Rodney Renard Newberry v. State of Florida
214 So. 3d 562
| Fla. | 2017Background
- On December 28, 2009 Rodney Renard Newberry, with James Phillips and Robert Anderson, drove around Jacksonville looking for a robbery victim; Newberry carried an AK-47 and a .357, Phillips had an AK-47 earlier, Anderson had a MAC-11.
- At about 7:20 p.m. Newberry confronted Terrese Pernell Stevens in a club parking lot, demanded property, then fired twelve 7.62 x 39 mm rounds from an AK-47 through the driver’s side, killing Stevens.
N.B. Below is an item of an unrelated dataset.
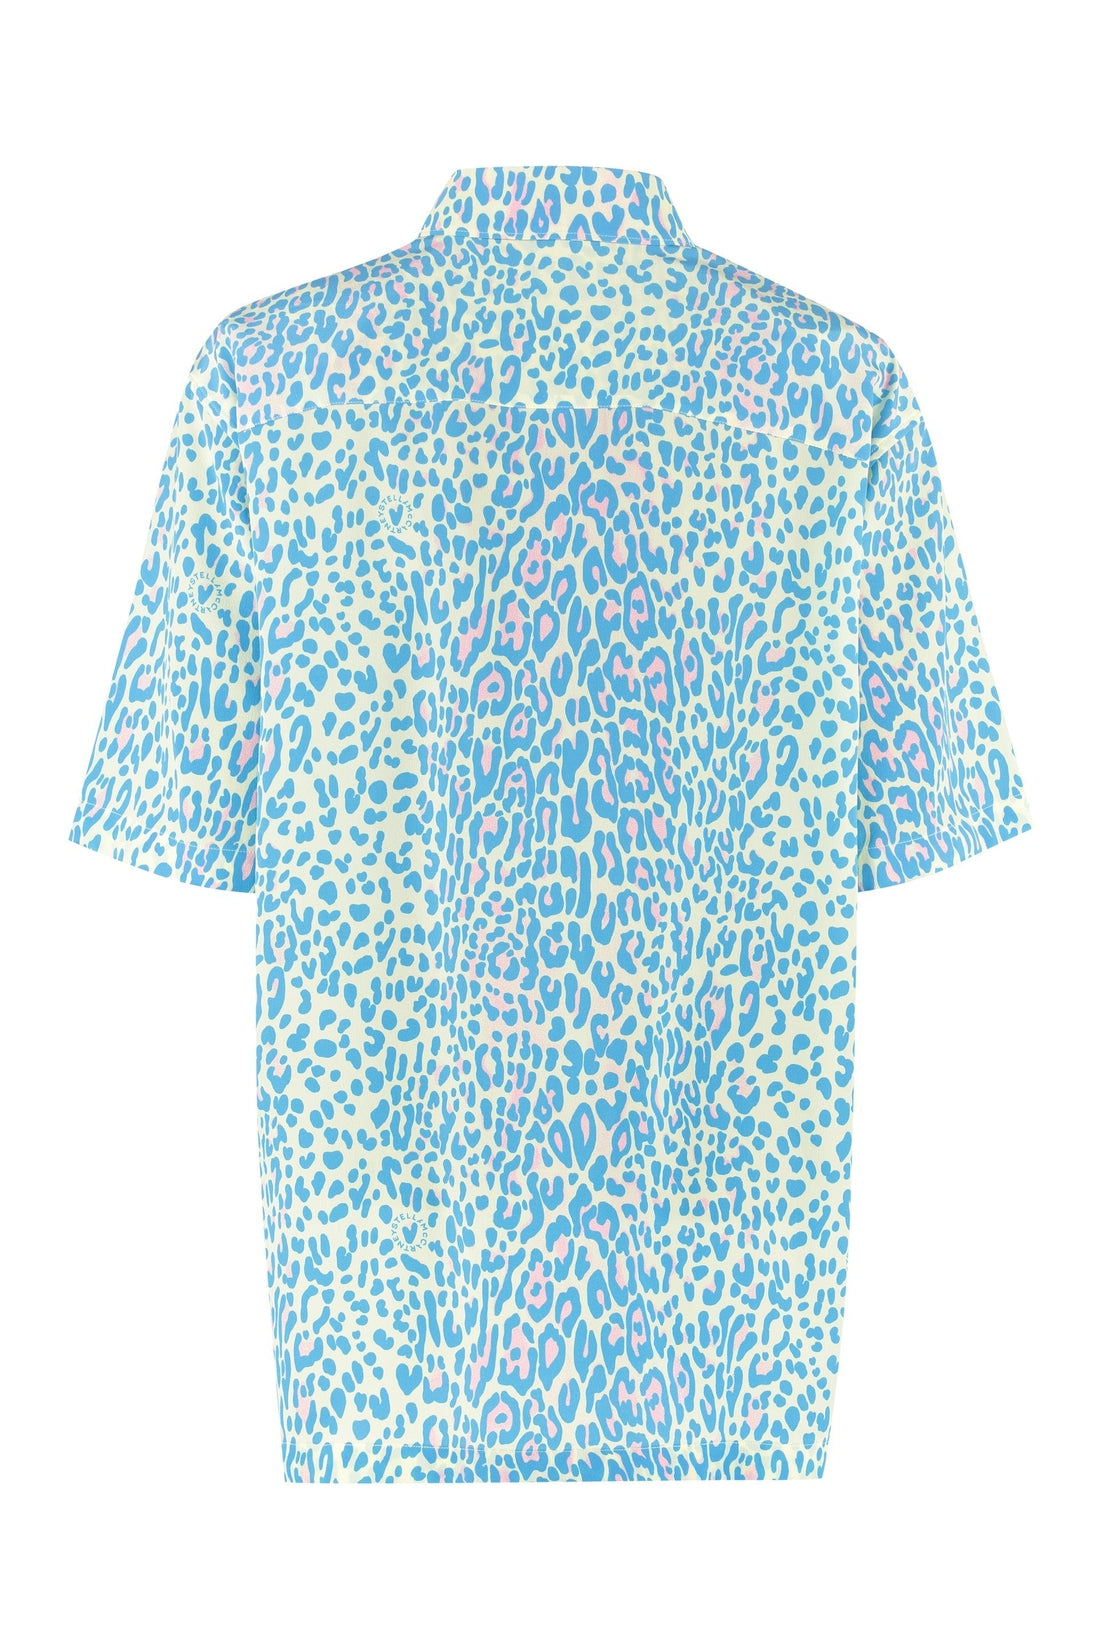 Stella McCartney-OUTLET-SALE-Printed silk shirt-ARCHIVIST

- Phone records and witness testimony tied Newberry to the AK-47 shots (Phillips “chirped” Newberry’s phone shortly before the shooting; recovered casings matched AK-47 ammunition fired from a single firearm).
- Phillips and Anderson later pleaded guilty to second-degree murder and armed robbery and testified that Newberry was the shooter. No weapon was recovered at the scene.
- A jury convicted Newberry of first-degree premeditated and felony murder and armed robbery and found he discharged a firearm causing death; the jury recommended death 8–4.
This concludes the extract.